# sound blaster x7 vs x-fi platinum fatality champion card



## Rock N Roll Rebel (Apr 16, 2016)

i have the x-fi platinum card now but i was wondering will the sound blaster x7 dak sound better with music is it even worth getting i also have a Logitech G51 Surround Sound Speaker System


----------



## RejZoR (Apr 16, 2016)

How is Sound Blaster X7 even connected to the PC? Via USB ?


----------



## Rock N Roll Rebel (Apr 16, 2016)

yes it connects via usb


----------



## JrockTech (Apr 17, 2016)

Not a fan of any audio that's digitally connected (USB).  Analog sound is usually a lot crisper and while it may have a bit of noise, at least it's not digitally compressed. I would stick with the internal soundcard.


----------



## Batou1986 (Apr 17, 2016)

If your not going for crazy audiophile sound setup the creative X-Fi cards are fine.


----------



## Rock N Roll Rebel (Apr 17, 2016)

thanks for the input yep I'll stick with my x-fi card it works good in windows 10 with 
*Daniel_K's 3.8 modded drivers and software*


----------



## RejZoR (Apr 17, 2016)

"Old" X-Fi cards are still damn good. Only thing really bogging them down are the drivers which Creative doesn't want to be too good, otherwise Sound Blaster Z series won't sell.

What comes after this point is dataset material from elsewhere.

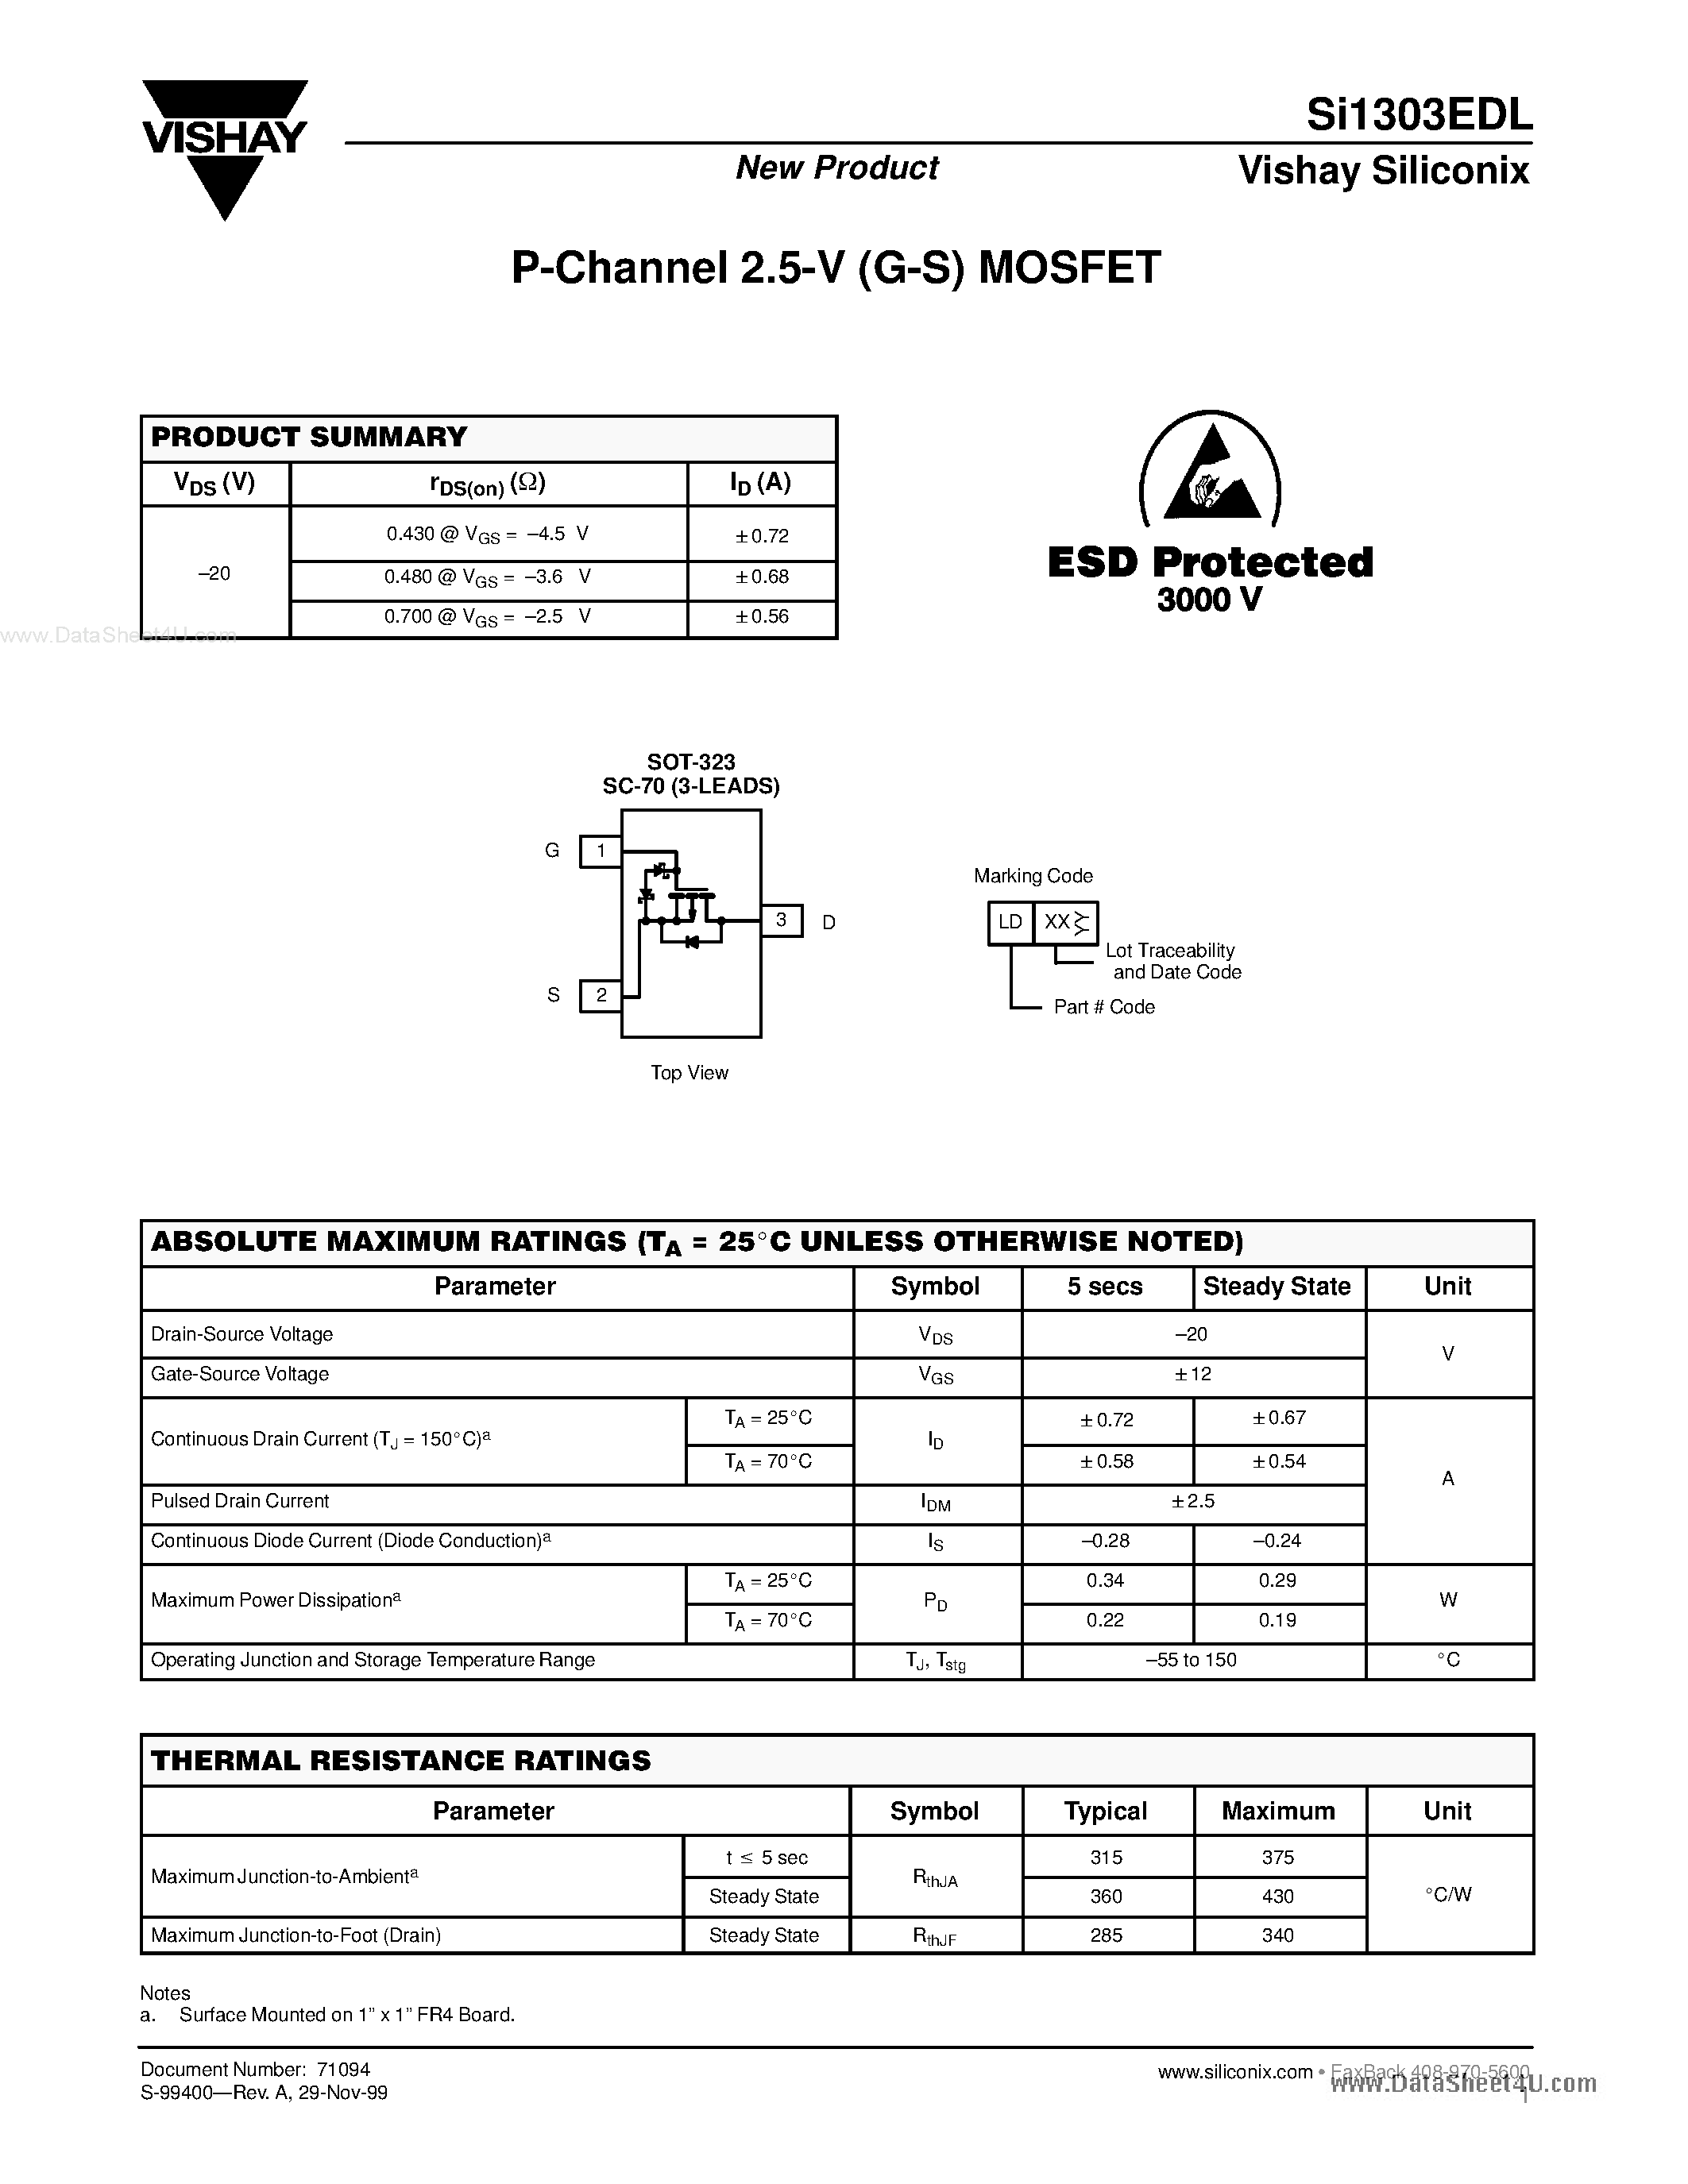 Datasheet SI1303EDL - P-Channel 2.5-V (G-S) MOSFET page 1

If you don't have any problems, stick with X-Fi. I don't think X7 is so much better to be worth 4 times the X-Fi original value. I think you mostly pay for the amplifier in it.


----------



## JrockTech (Apr 17, 2016)

I'm using the latest Creative drivers with Windows 10 64 on my Titanium fatality. They're actually really stable. No issues yet.


----------



## Rock N Roll Rebel (Apr 17, 2016)

JrockTech said:


> I'm using the latest Creative drivers with Windows 10 64 on my Titanium fatality. They're actually really stable. No issues yet.


i tried the creative driver it worked for about a month then the sound started messing up so i installed Daniel_K's and so far so good but been only a week


----------